PUT your social-engineering hats on. The problem to be wrestled with is the new inequality -- the increasing income, wealth, and opportunity gap, not between the rich and the poor but between the rich and the rest of us. Charles Handy, the British social thinker, describes what is emerging as "the 80/20 society," dramatic shorthand for the nascent carve-up of life chances. Census statistics put this development beyond debate -- and here I rely heavily on the research gathered by Frank Levy, an economist at the Massachusetts Institute of Technology, in his important new book, The New Dollars and Dreams. Whereas the median U.S. family income grew by 37 percent from 1949 to 1959 and by 41 percent in the 1960s, it grew by only 6.8 percent over the next two decades, with 97 percent of the increase since 1979 going to the top 20 percent of families. And the concentration of recent prosperity is narrower yet: as late as the 1970s the top one percent held 13 percent of the wealth; in 1995 it held 38.5 percent. Nearer the other end of the income scale, male high school graduates employed in services saw their median earnings fall from $34,000 in 1979 to $26,500 in 1996; those in manufacturing suffered a similar decline, from $37,500 to $29,500. Young and older men with college degrees also lost ground. The only group that saw its real income grow was men thirty-five to forty-four with college degrees. In 1997 the median family income, $43,200, was $400 below what it had been at the start of the decade.

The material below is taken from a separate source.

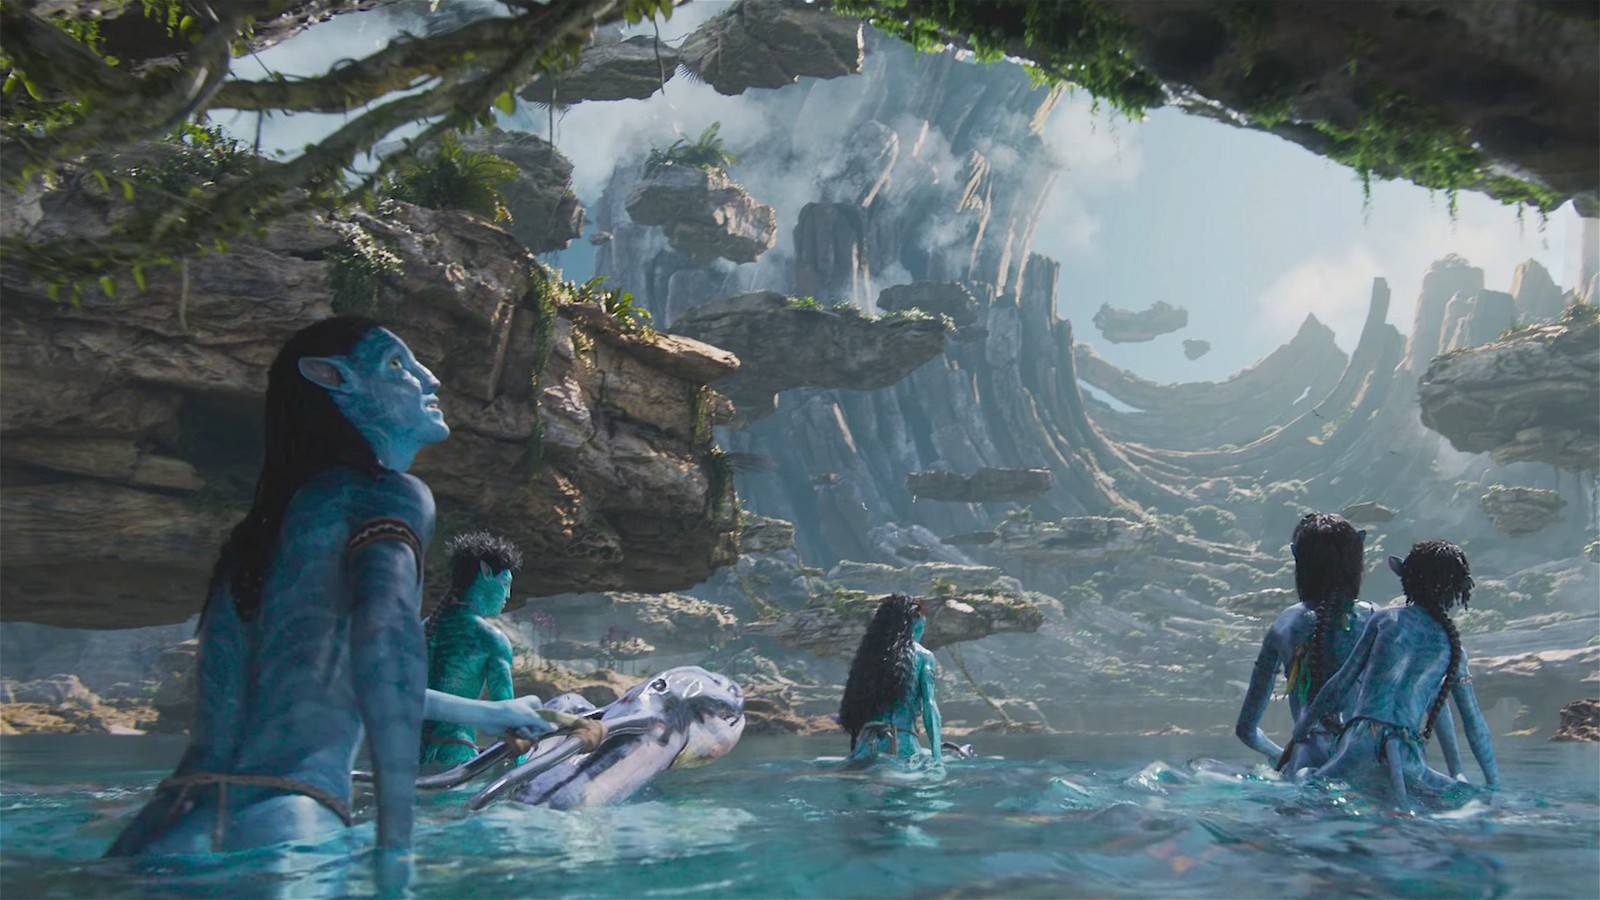 New images from James Cameron's Avatar: The Way of Water.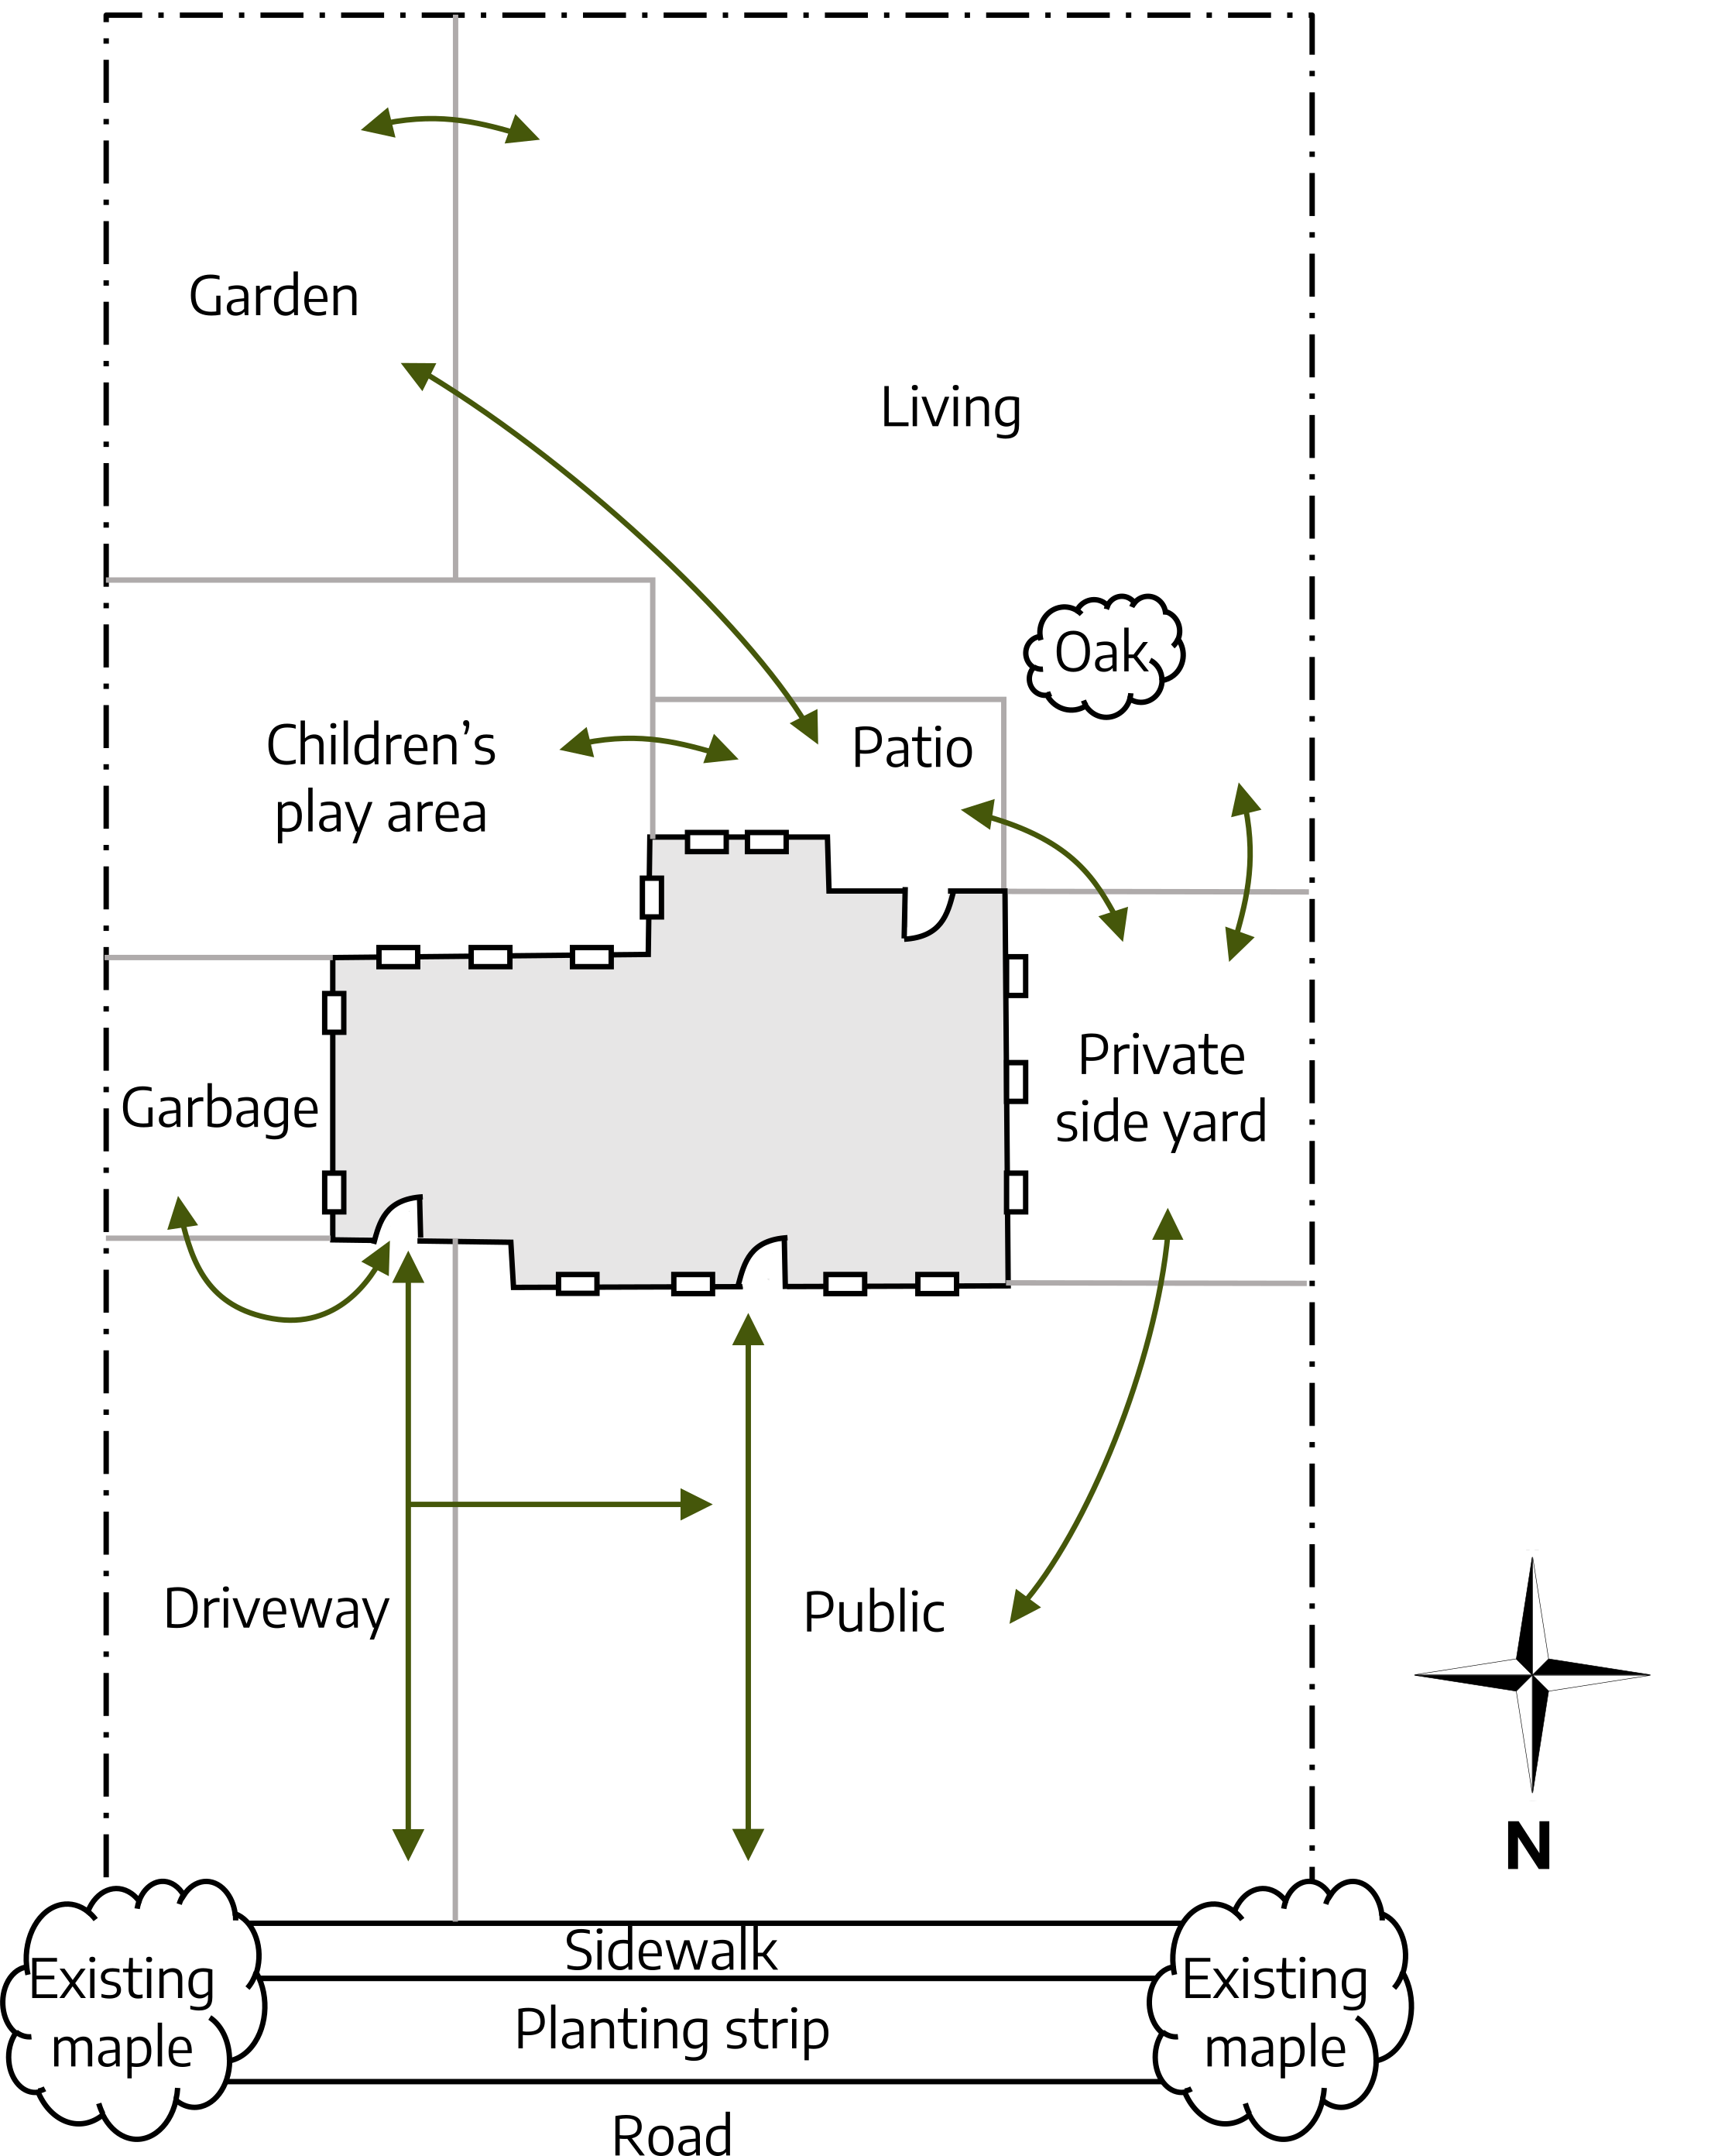 A diagram. A large dashed rectangle with a house drawn in the center shaded in gray with windows and doors shown around the edge. Several existing sections around the house marked living, upper right, patio, on the upper side of the house, children's play area is on the left side, garden in the top left corner, garbage on the left side of the house, private side yard on the right side of the house, the lower right section is public, and the lower left side is driveway. Throughout the diagram are several pathways showing traffic flow. At the bottom of the diagram is sidewalk, planting strip, road, and existing maples on both bottom corners.

How have American families managed to get by in the era of the new inequality? Sue Shellenbarger has reported in The Wall Street Journal that since 1969, according to the Census Bureau, "Working wives [have] contributed 23 percentage points of the 25% increase in family income, adjusted for inflation."
In the past two years the long nineties expansion has finally reached the "bottom" 80 percent, giving a fillip to average wages, especially to the wages of minorities. A few good quarters are not necessarily evidence of a trend, however, particularly since one can point to signs of a countertrend: for example, that there were more layoffs in 1998 than in any year since 1993, when "downsizing" decimated whole ranks of middle management. The new inequality is unlikely to be reversed by a global market that remorselessly bids most wages down: according to 1994 figures, American garment workers made $7.53 an hour, competing against Bangladeshi workers making twenty-five cents an hour; American steel workers made $13 an hour, competing against Brazilian workers making $1.28. Inequality needs to be reversed not alone for the sake of economic justice, never much of an American cause, but for stability. Unequal incomes, says Alan Greenspan, the chairman of the Federal Reserve Board, are potentially "a major threat to our security." The many cannot be expected to long endure, Lester Thurow has written, a system that works only for the few. The challenge is to democratize prosperity without sacrificing economic dynamism, every bit of which is needed to raise incomes, living standards, and fulfillable hopes.